To obtain bootstrapped read counts we will use bootstrap_sam_file.py sample. 'bootstrap_sam_file.py' is available at https://github.com/mikewolfe/2018_Lrp_ChIP.git

for dir in Sample_1290*;
    do (cd $dir && python3 ~/src/2018_Lrp_ChIP/ChIP_analysis/bootstrap_sam_file.py sample $dir".ob.npy" $dir"_sampled" --reference_genome /PATH --num_samples 100 --resolution 10 --seed 1234 2> $dir"_bootstrap.err");
done

Now we'll summarize the bootstrapped samples by calculating counts per million at each position for each bootstrap, and divide ChIP by input to get enrichment

python3 summarize_all_sample_counts.py

Smoothing counts per million

To smooth, use 'NGS_smoothing.py' with 50bp windows Exported as 'smoothed_data.csv'

Calculating enrichment, with either smoothed or unsmoothed data

For unsmoothed data:

Enrichment was calculated in R ('PurR_analysis.R' file in the PurR_ChIP_analysis repository). Briefly, for unsmoothed bootstrapped data, the median of the bootstraps at each 10bp window was determined.

A csv was created with information on each sample: PurR_chip_and_input_pairs.csv This csv also contained information on whether each sample was ChIP or input as well as which ChIP samples were paired with which input samples.

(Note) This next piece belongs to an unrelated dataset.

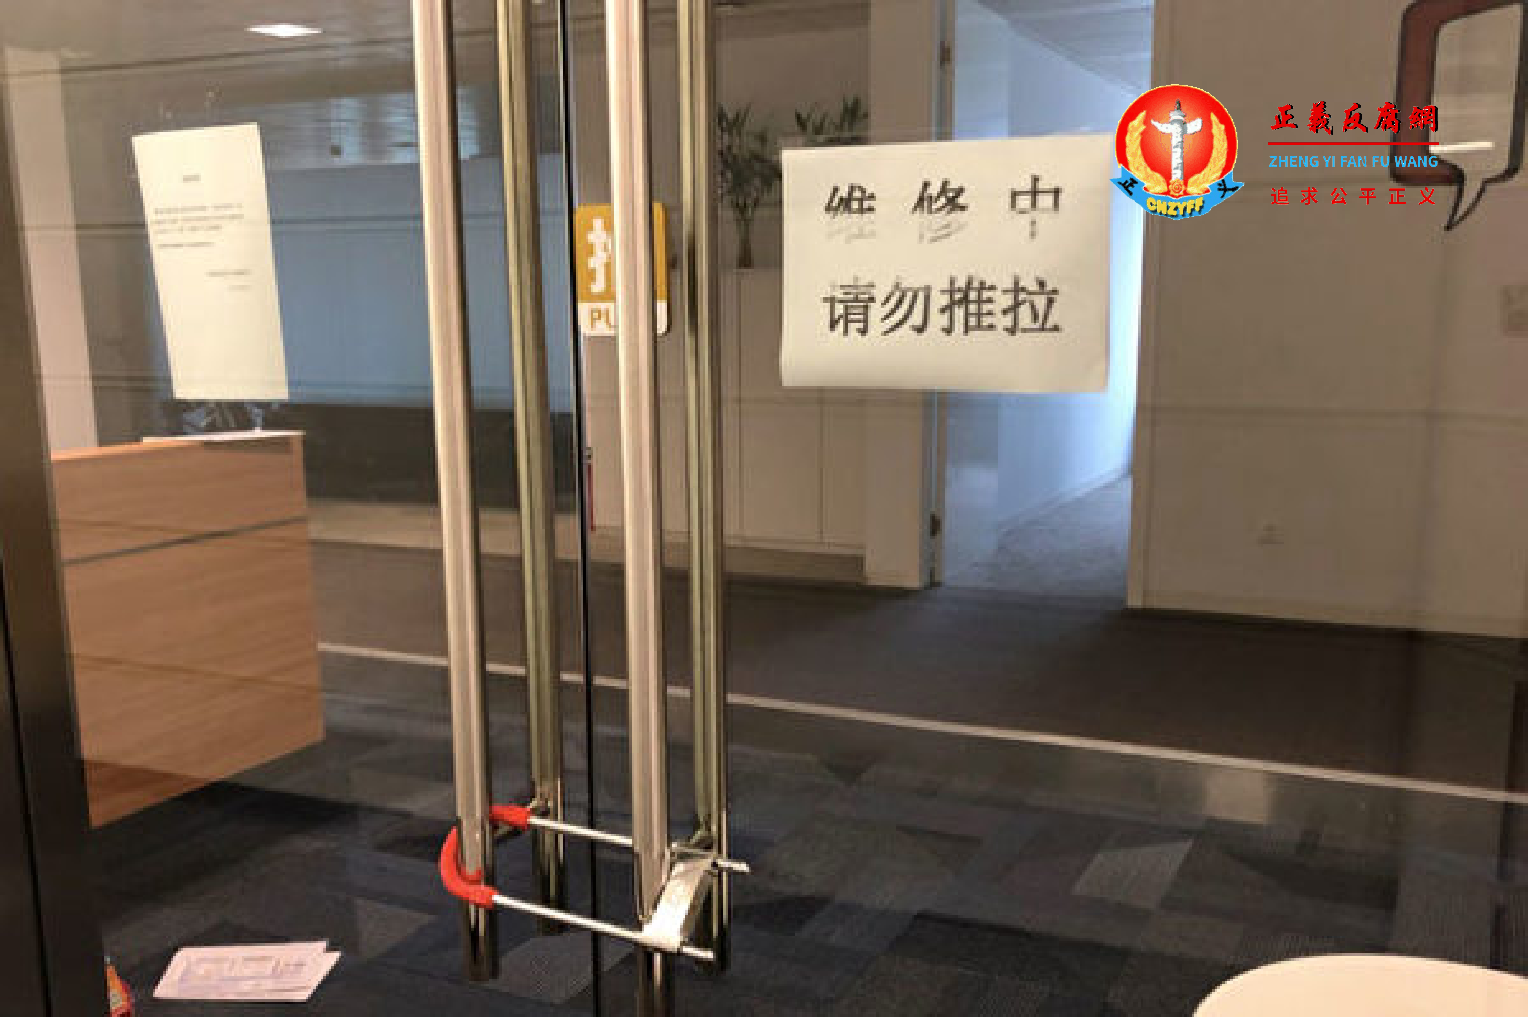 北京“华尔街英语”实体店已经停业。.png

Using the function get_ChIP_enrichment found in 'helperFunctions.R', ChIP enrichment relative to input was determined by dividing the median cpm in ChIP by the median cpm in input at each 10bp window.

The enrichment was converted to log2 and infinite values were excluded. The final dataset was saved as 'summary_df.RData'

For smoothed data:

The csv containing the smoothed data was loaded into R. Various manipulations were necessary to get the dataset into the proper format. Otherwise, the enrichment was calculated as above. The function get_ChIP_enrichment in 'helperFunctions.R' was used to calculate enrichment just as above.

##Obtaining ChIP peaks To obtain ChIP peaks, the irreproducible discovery rate (IDR) was first calculated for the log2 enrichment of each sample. Log2 enrichment for each sample was positioned in a n by m dataframe (n rows for each 10bp summary track and m columns for each replicate). IDR was calculated using est.IDR function in calculate_idr.R. IDR was saved as an npy array.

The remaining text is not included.